Engineers Create Super Compressible Carbon Nanotube Foam-like Films

Nov 24, 2005
Buckled carbon nanotubes under compression. Credit: Cao/RPI

Carbon nanotubes have enticed researchers since their discovery in 1991, offering an impressive combination of high strength and low weight. Now a new study suggests that they also act like super-compressible springs, opening the door to foam-like materials for just about any application where strength and flexibility are needed, from disposable coffee cups to the exterior of the space shuttle.

Image: Buckled carbon nanotubes under compression. Credit: Cao/RPI

The research, which is reported in the Nov. 25 issue of the journal Science, shows that films of aligned multiwalled carbon nanotubes can act like a layer of mattress springs, flexing and rebounding in response to a force. But unlike a mattress, which can sag and lose its springiness, these nanotube foams maintain their resilience even after thousands of compression cycles.

First created in 1991, carbon nanotubes are among new forms of carbon called fullerenes because their sides mimic the geodesic domes designed by famed mathematician Buckminster Fuller. Nanotubes are infinitesimal cylinders with single or multiple walls that can be only a few nanometers wide.

Carbon nanotubes are very strong. Mixed with conventional materials, they are already improving the performance of concrete and other products. They also have electrical and magnetic characteristics expected to make them useful in microchips and other electronics.

Illustration of a nanotube array compressed to folded springs and then rebounding

Right: Illustration of a nanotube array compressed to folded springs and then rebounding.

In foams that exist today, strength and flexibility are opposing properties: as one goes up, the other must go down. With carbon nanotubes, no such tradeoff exists.

"Carbon nanotubes display an exceptional combination of strength, flexibility, and low density, making them attractive and interesting materials for producing strong, ultra-light foam-like structures," says Pulickel Ajayan, the Henry Burlage Professor of Materials Science and Engineering at Rensselaer Polytechnic Institute and coauthor of the paper.
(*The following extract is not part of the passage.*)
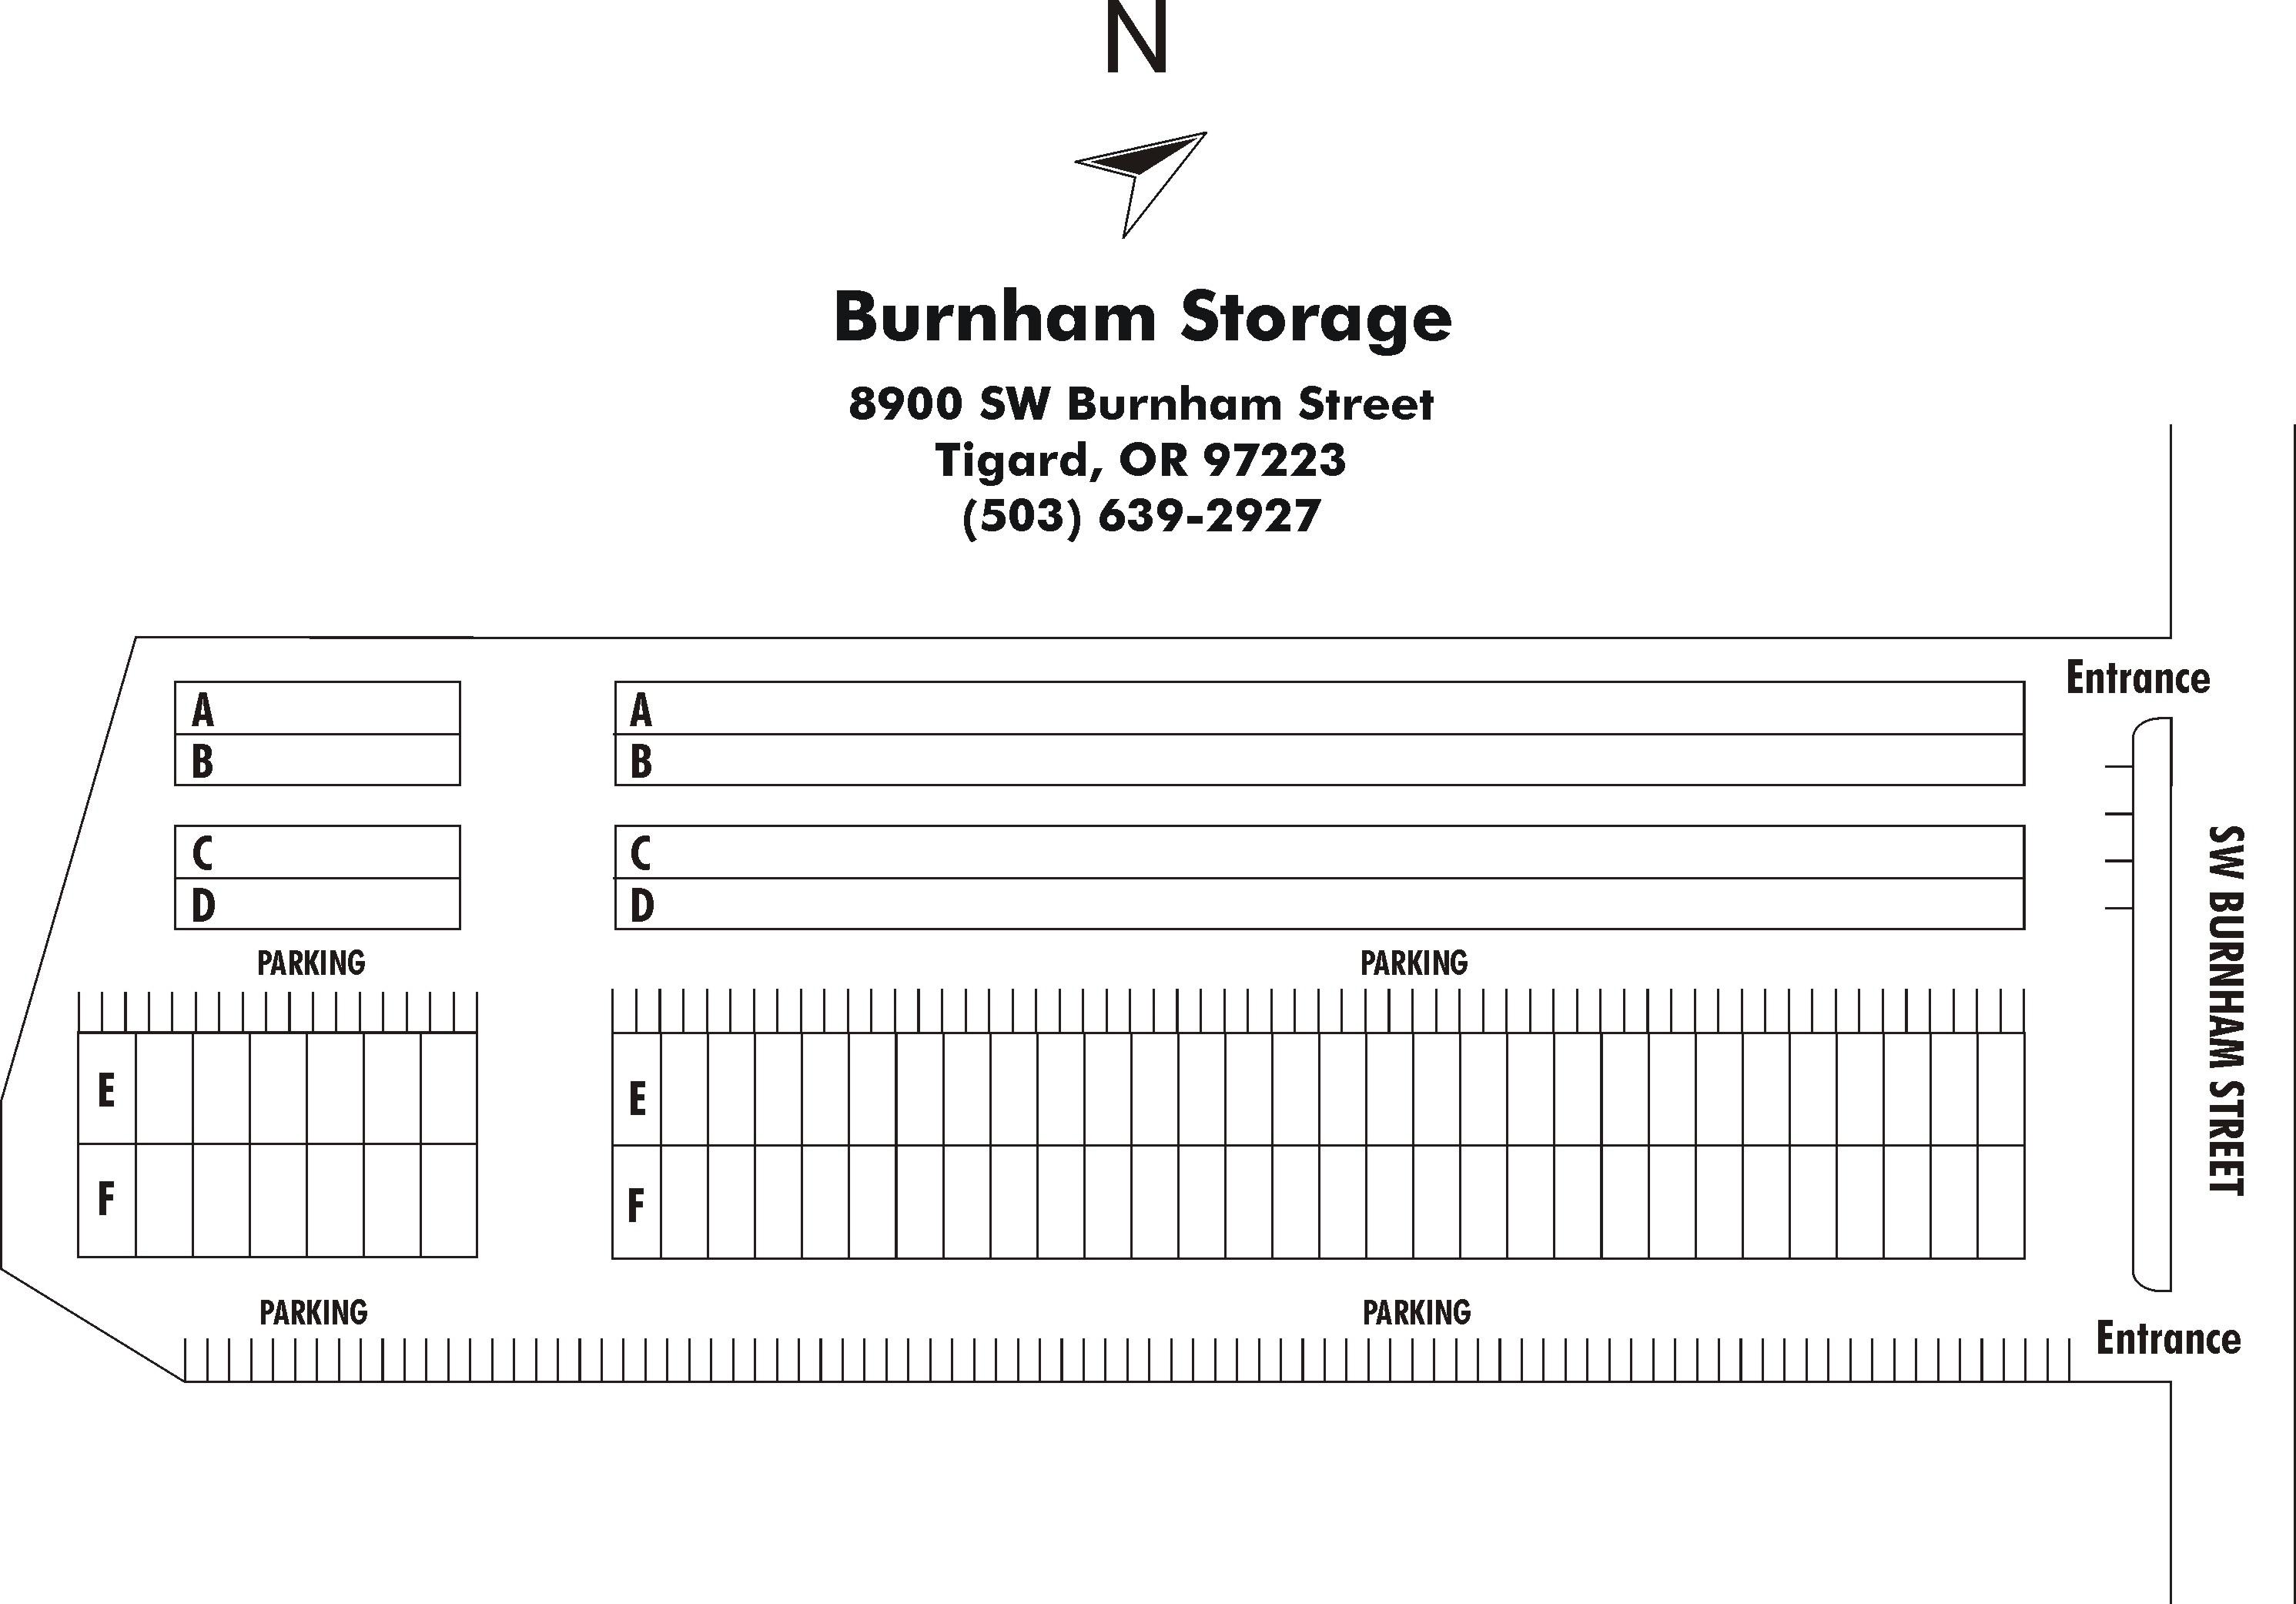 Burnham Business and Storage property map

Carbon nanotubes are made from graphite-like carbon, where the atoms are arranged like a rolled-up tube of chicken wire. Ajayan and a team of researchers at the University of Hawaii at Manoa and the University of Florida subjected films of vertically aligned nanotubes to a battery of tests, demonstrating their impressive strength and resilience.

"These nanotubes can be squeezed to less than 15 percent of their normal lengths by buckling and folding themselves like springs," says lead author Anyuan Cao, who did much of the work as a postdoctoral researcher in Ajayan's lab and is now assistant professor of mechanical engineering at the University of Hawaii at Manoa. After every cycle of compression, the nanotubes unfold and recover, producing a strong cushioning effect.

The thickness of the nanotube foams decreased slightly after several hundred cycles, but then quickly stabilized and remained constant, even up to 10,000 cycles. When compared with conventional foams designed to sustain large strains, nanotube foams recovered very quickly and exhibited higher compressive strength, according to the researchers. Throughout the entire experiments, the foams did not fracture, tear, or collapse.

And their intriguing properties do not end there. Nanotubes also are stable in the face of extreme chemical environments, high temperatures, and humidity all of which adds up to a number of possible applications, from flexible electromechanical systems to coatings for absorbing energy.

The foams are just the latest in a long line of nanotube-based materials that have been produced through collaborations with AjayanTMs lab, all of which have exhibited tantalizing properties. Ajayan and his colleagues from the University of Hawaii at Manoa recently developed tiny brushes with bristles made from carbon nanotubes, which could be used for tasks that range from cleaning microscopic surfaces to serving as electrical contacts. And in collaboration with researchers from the University of Akron, Ajayan and his team created artificial gecko feet with 200 times the sticking power of the real thing.